When I try to search something in russian, i get warnings on the search page.

Warning: htmlspecialchars() [function.htmlspecialchars]: Invalid multibyte sequence in argument в функции check_plain() (строка 1476 в файле /var/www/data.astrobl/includes/bootstrap.inc).

I search for same errors here and found quite the same IIS issue. But I use apache web server under CentOS 5.5. Error generated on 1211 string in search.module, because check_plain function recieves non UTF-8 string (cp1251 encoding). To avoid the error I delete third parameter in htmlspecailchars function on 1476 string of bootstrap.inc.

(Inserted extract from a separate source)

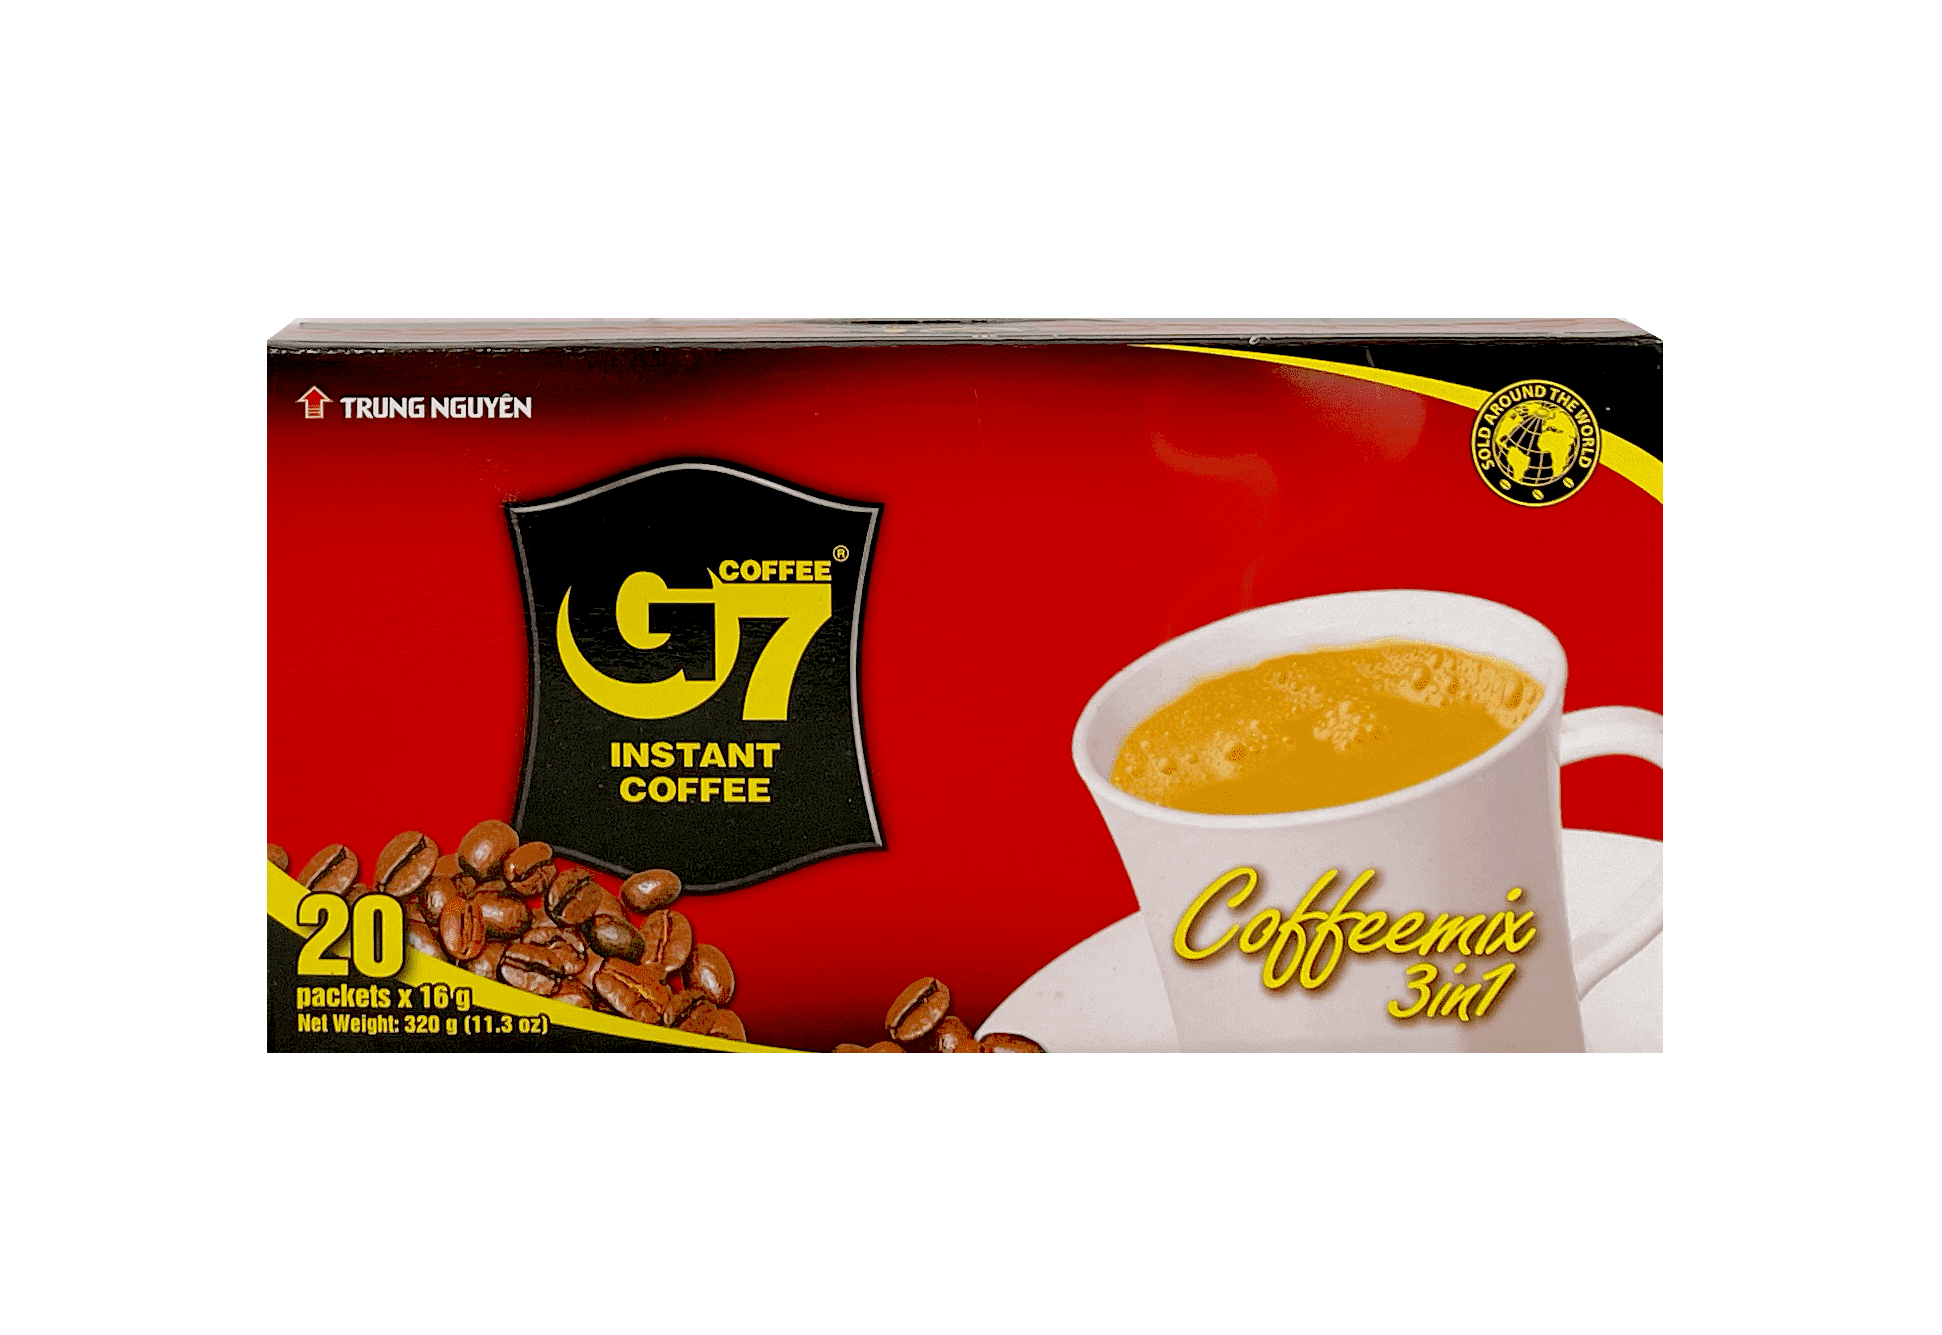 Snabb Kaffe G7 3in1 320g/Ask Trung Nguyen Vietnam

I suggest that it is hosting related issue, because I don't get these errors on my Debian and Windows servers. Both Mysql and Apache default charsets are utf8.
Apache/2.2.17 (CentOS)
MySQL 5.0.92

Comments

jhodgdon’s picture

Title: Invalid multibyte sequence warning on the search page » Invalid multibyte sequence warning from check_plain
Component: search.module » base system

This sounds like it's an issue with check_plain, so moving to base system.

Coornail’s picture

It works for me with the exact same strings.

PHP 5.3.5-1ubuntu7.2 with Suhosin-Patch (cli) (built: May 2 2011 23:00:17)
Apache/2.2.17 (Ubuntu)
MySQL 5.1.54-1ubuntu4

zoo33’s picture

Version: 7.0 » 7.2

Same issue here, on Drupal 7.2. I have a Swedish single-language site which gives this error intermittently on the search result page:

Warning: htmlspecialchars(): Invalid multibyte sequence in argument i check_plain() (rad 1354 av /path/to/includes/bootstrap.inc).

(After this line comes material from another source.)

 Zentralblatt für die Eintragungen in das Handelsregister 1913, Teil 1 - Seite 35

Sometimes the error is shown just once, sometimes 2–3 copies are shown.

The error happens regardless of weather the user is logged in or not.

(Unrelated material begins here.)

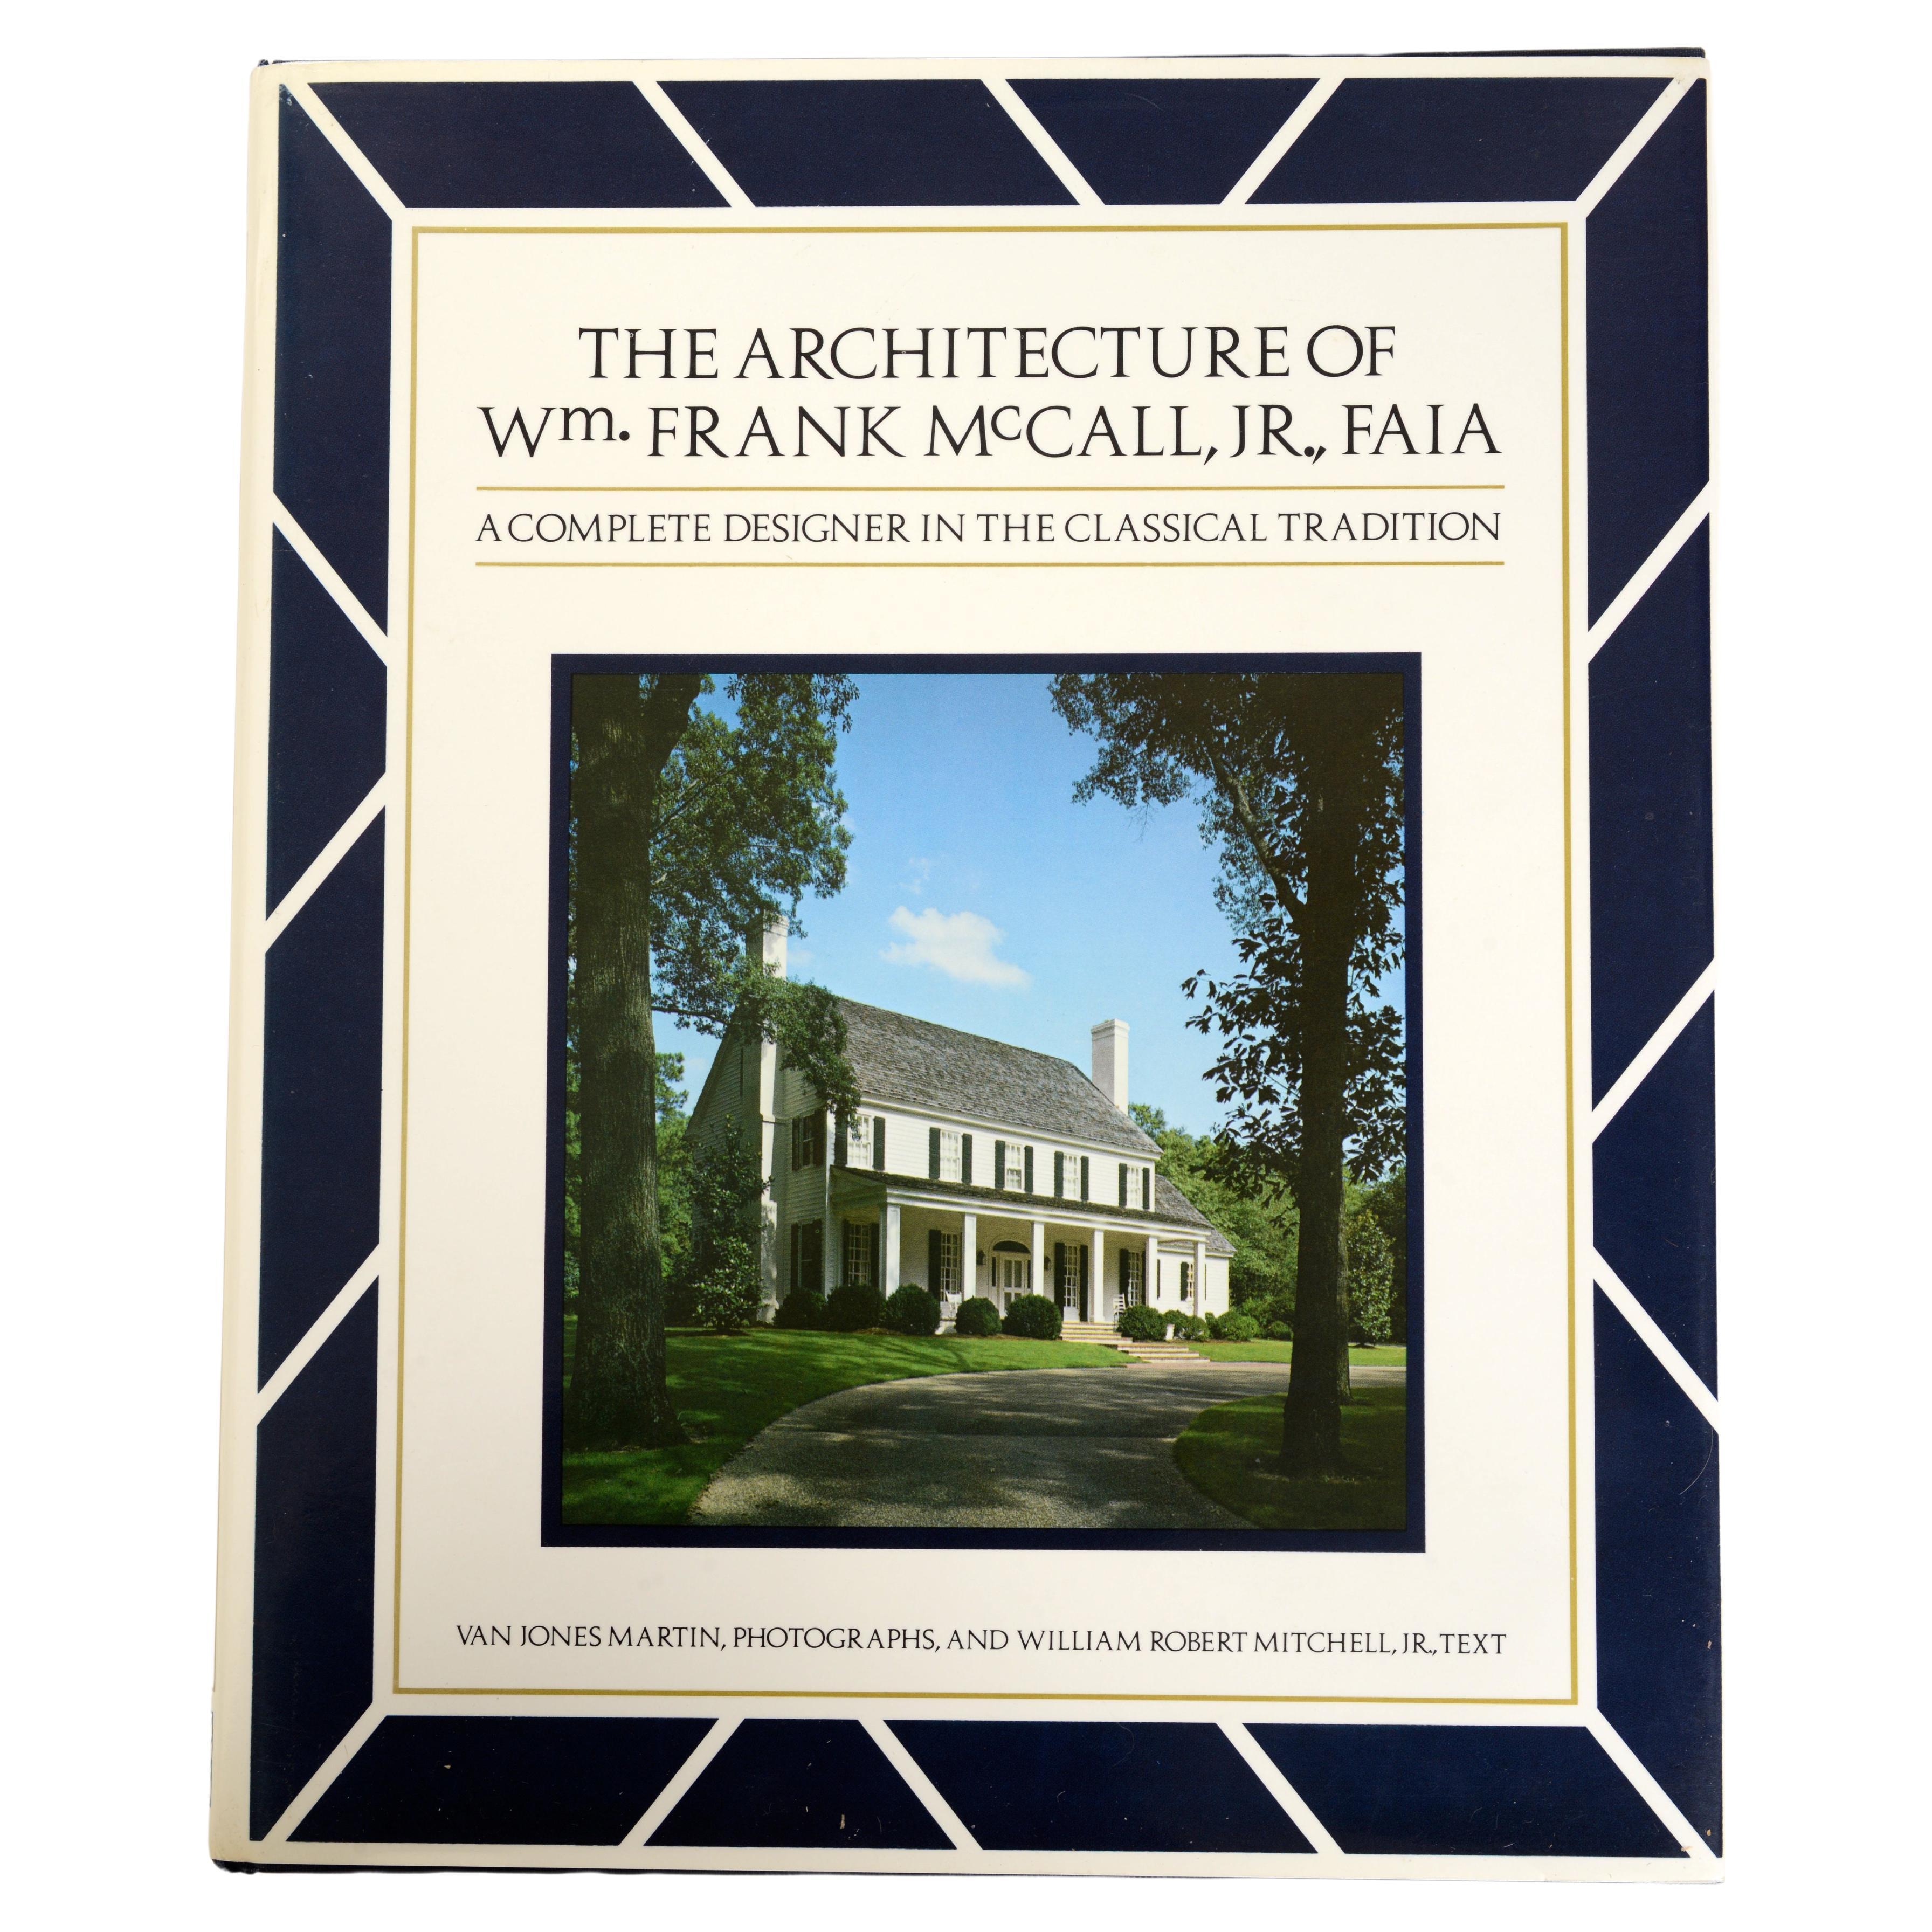 Architektur von William McCall, Jr., Designer in der klassischen Tradition

Specific search queries always give errors while others never do (I think), but it doesn't seem to have anything to do with special characters:

* "barn" – shows error
* "polis" – no error
* "över" – shows error
* "länder" – no error

On my dev box there are no errors (which makes it hard to debug), but on the live server there is:

Ubuntu 10.04.2 LTS
Apache/2.2.14
PHP 5.3.2, mbstring installed

Heine’s picture

The text retrieved should not be in cp1251 encoding.

If this happens on node bodies, please check the originating table (eg node_revisions) with a SHOW CREATE TABLE [tablename], and post output here.

zoo33’s picture

Nothing suspicious about the tables (they're all in utf-8), but then I realized:

# SHOW CREATE DATABASE mydb;

CREATE DATABASE `mydb` /*!40100 DEFAULT CHARACTER SET latin1 */

I will have to try and convert it to utf-8 as default character set and see if that helps.

Heine’s picture

lordzik’s picture

Hello,
the same bug exists in Drupal 6 since few months. It was introduced around Drupal 6.17. It hits many users so maybe someone will finaly fix it...?
At the beggining FileField module was suspected but people who doesn't use that module also report this bug: http://drupal.org/node/837322

This is a temporary solution:
http://info4admins.com/warning-htmlspecialchars-expects-parameter-1-be-s...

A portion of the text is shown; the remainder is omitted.